WASHINGTON — Industry groups representing automakers and suppliers are urging Congress to restore a federal tax break that would allow for the “full and immediate” expensing of domestic R&D investments.

In a letter sent Wednesday to House and Senate leadership, five trade associations — the Alliance for Automotive Innovation, American Automotive Policy Council, Autos Drive America, MEMA and the Truck and Engine Manufacturers Association — argue it is critical for Congress to “act as soon as possible” to restore full R&D expensing, which expired in 2021.

Since 2022, companies have had to deduct U.S-based R&D costs over a five-year period, as required under a provision in the 2017 Tax Cuts and Jobs Act, which was passed during the Trump administration.

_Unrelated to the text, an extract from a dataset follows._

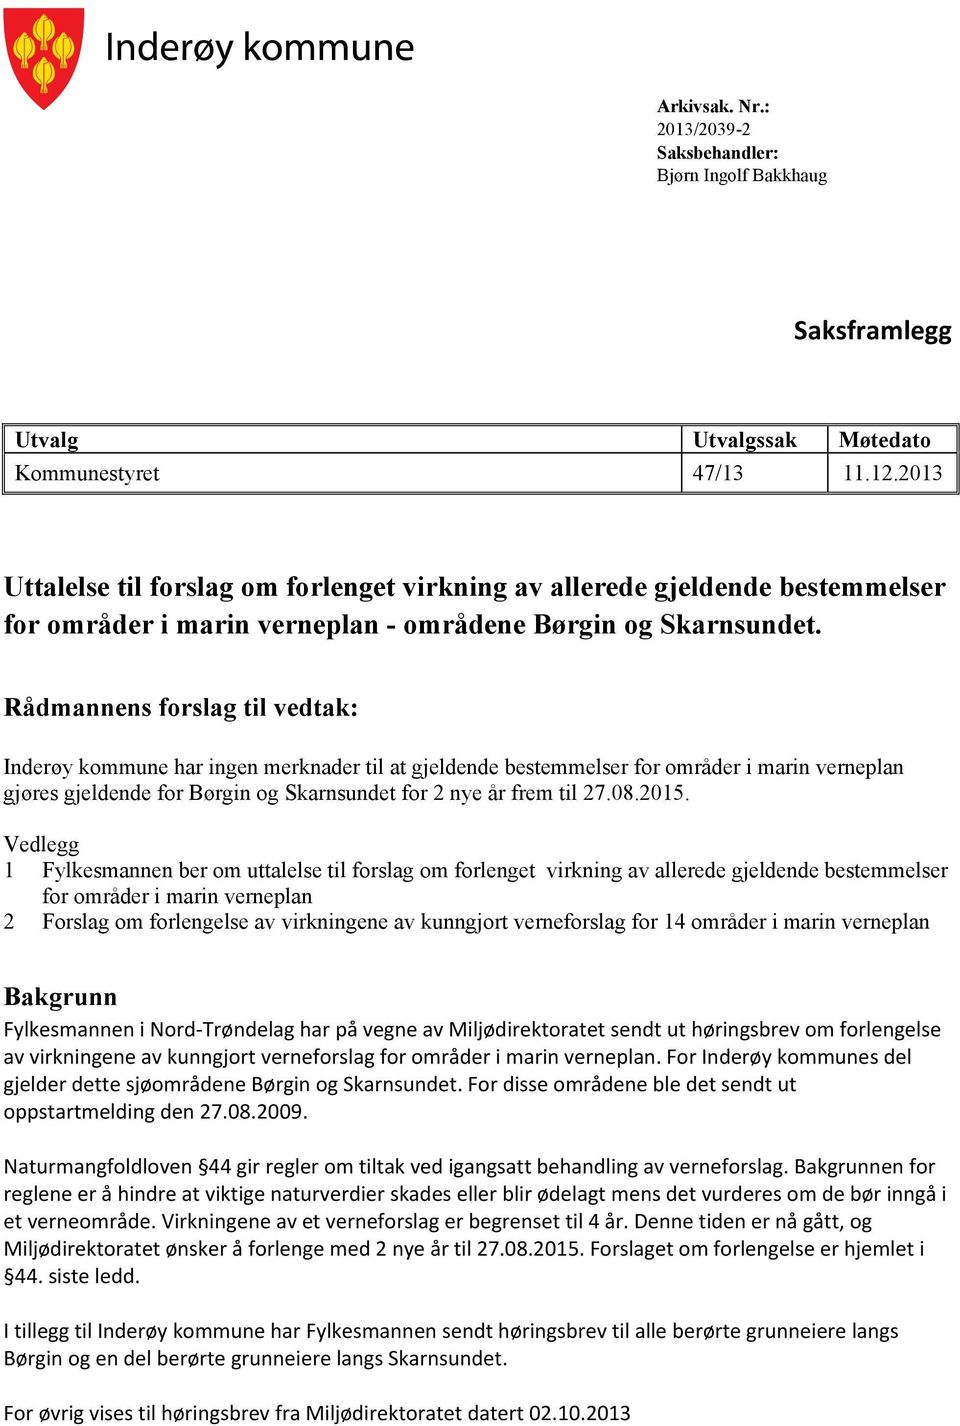 Rådmannens forslag til vedtak: Inderøy kommune har ingen merknader til at gjeldende bestemmelser for områder i marin verneplan gjøres gjeldende for Børgin og Skarnsundet for 2 nye år frem til 27.08.

The industry groups argue the five-year requirement has made R&D “exponentially more costly to conduct in the U.S.” and are urging Congress to pass legislation that would include a fix, according to the letter.

OpenAI recently tried a similar defense, that the company’s business model would just be too costly to succeed if it had to actually pay for all the copyrighted material it used. What happened to the whole “invisible hand of the market,” where businesses whose costs outstrip their profits simply flounder and die? Isn’t that what capitalism is all about?

4th Gear: VinFast, Incredibly, Didn’t Meet 2023 Delivery Goals

If you can believe it, VinFast’s 2023 didn’t go quite as planned. With offerings like the VF8, with its turn signals that work most of the time, I truly thought the company would be a massive disruptor to the incredibly competitive North American passenger car market. Well, there’s always next year. From Reuters:

HANOI, Jan 18 (Reuters) - Vietnamese electric vehicle (EV) maker VinFast on Thursday said it delivered nearly 35,000 cars in 2023, below its target of at least 40,000 units, blaming slow EV adoption in some regions, tough competition and uncertain economy.

The deliveries in the last three months of 2023, however, increased 35% against the third quarter to 13,513 units, the company said.

VinFast, which started to deliver its sport utility vehicle (SUV) VF 8 in California last March, earlier this month flagged a plan to set up manufacturing and battery facilities in India. It also aims to expand in more markets in the Middle East, Latin America and Asia, including Indonesia.

To hear that VinFast sold fewer cars in 2023 than Toyota sold Rav4s in December alone is a real shock. You’re telling me consumers don’t want bad products, when good alternatives exist? I’m stunned. I gotta lie down.